Накануне днем на вокзале Джоконда догадывалась, что Каэтана возит с собой какого-нибудь сильного мужчину, который управлялся бы с багажом и сходил за ее любовника.
– На втором этаже. Туда ему легче подняться по лестнице, когда он напивается, ведь наш лифт не всегда работает.
Назидательный тон Мажико раздражал Джоконду. В те редкие дни, когда он посещал ее заведение, он берег себя, как последний трус. Прежде чем лечь в постель, проверял свежесть и белизну простынь, если он пользовался ими первым, не хватало только, чтобы женщины содержали свои половые органы в такой же чистоте, в какой он блюл свой набалдашник.
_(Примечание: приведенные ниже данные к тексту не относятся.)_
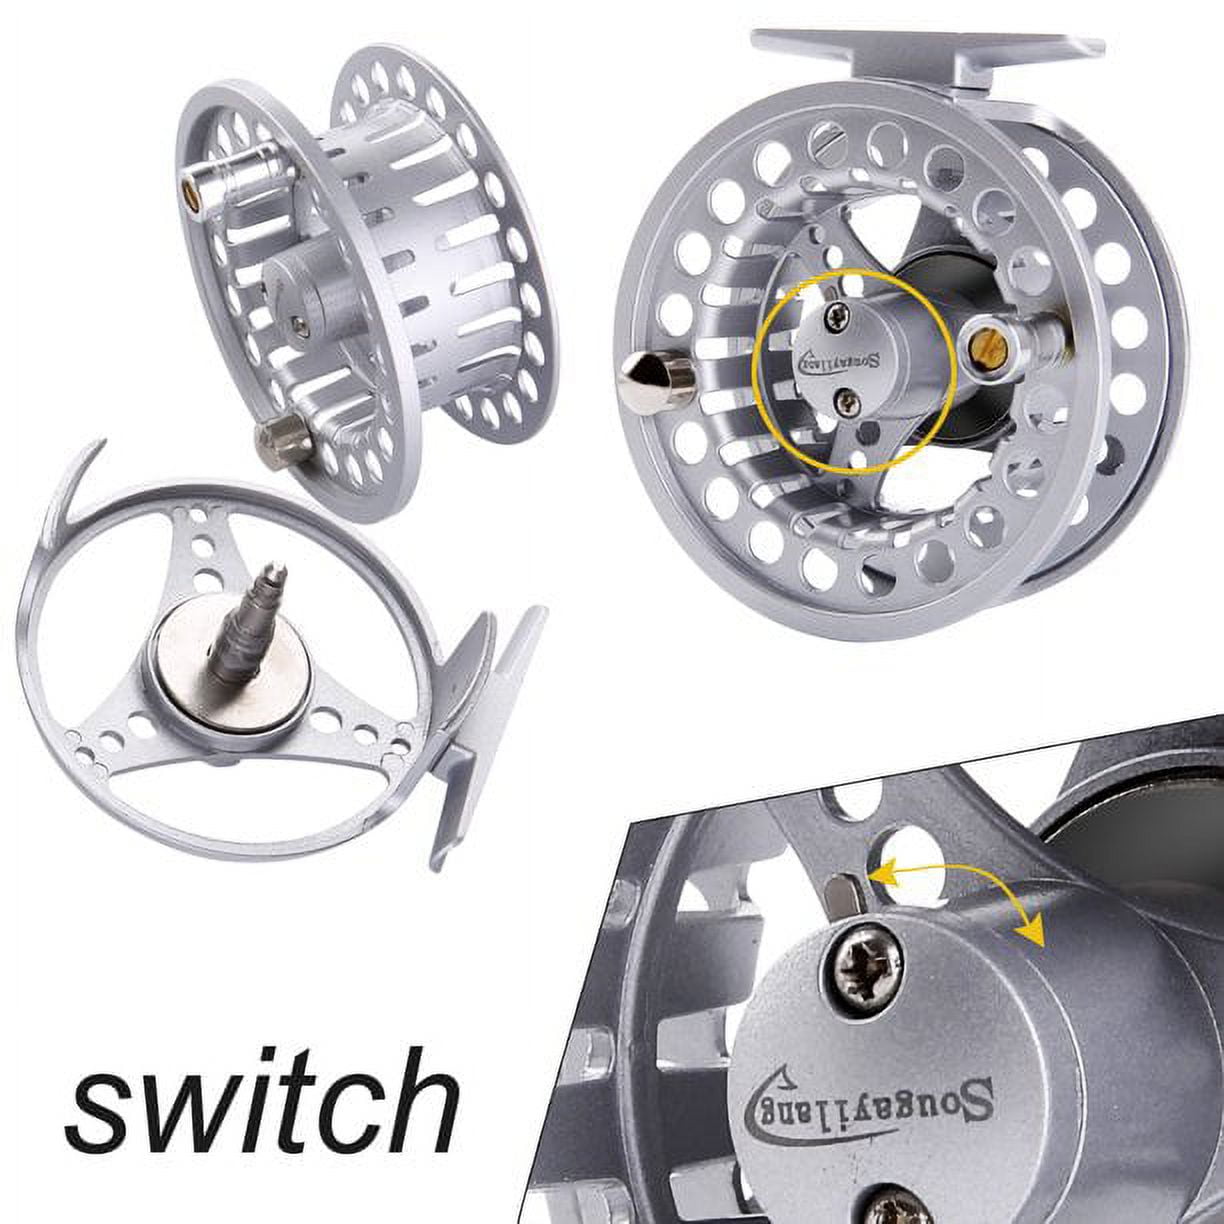 Sougayilang Fly Fishing Reel Ultralight Anti-Oxidation,CNC-machined  Aluminum Alloy Body and Spool fly fishing reels size 5/6,7/8
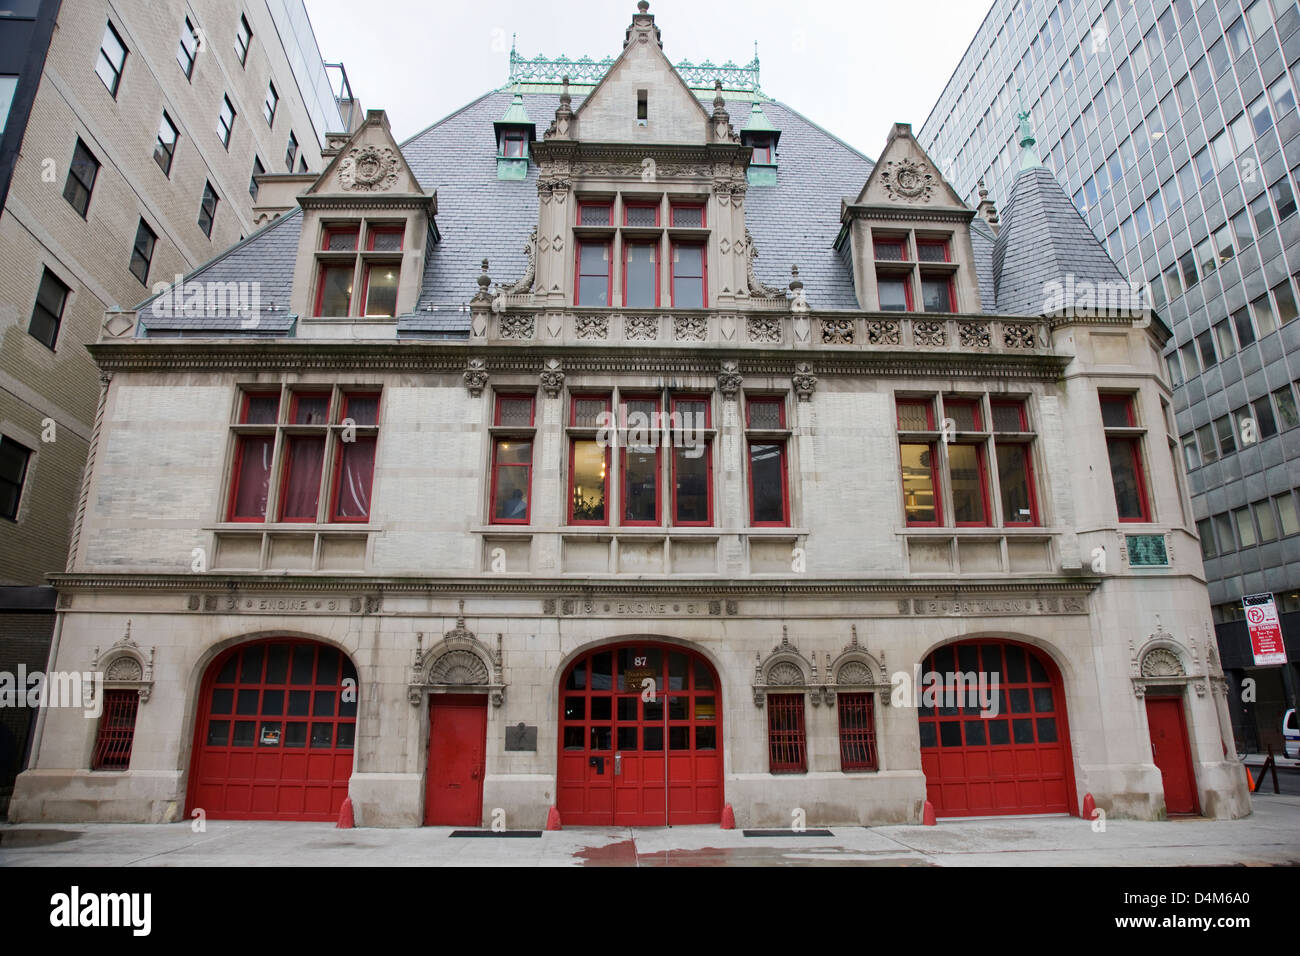 Firehouse, Engine Company 31 is a historic fire station located at 87 Lafayette Street, New York Stock Photo

У двери Джоконда вдруг испугалась: за долгие годы Каэтана не черкнула ей ни словца надежды. Джоконде стало тяжело дышать.
– Вам нехорошо? – спросил Мажико. Джоконда прислонилась к двери.
– В ту пятницу, когда Каэтана села на поезд, она забыла попрощаться с нами. Но мы всегда знали, что она вернется, поэтому в дождливые пятницы мы обнимали друг дружку, – пробормотала Джоконда, прежде чем постучать.
Балиньо был все еще в дорожном костюме, запыленном и запачканном куриным жиром во время ужина.
– Входите, Джоконда, – уверенно сказал он, жестом отпуская Мажико. – Хорошо, что вы пришли. Каэтана ждет вас уже часа четыре.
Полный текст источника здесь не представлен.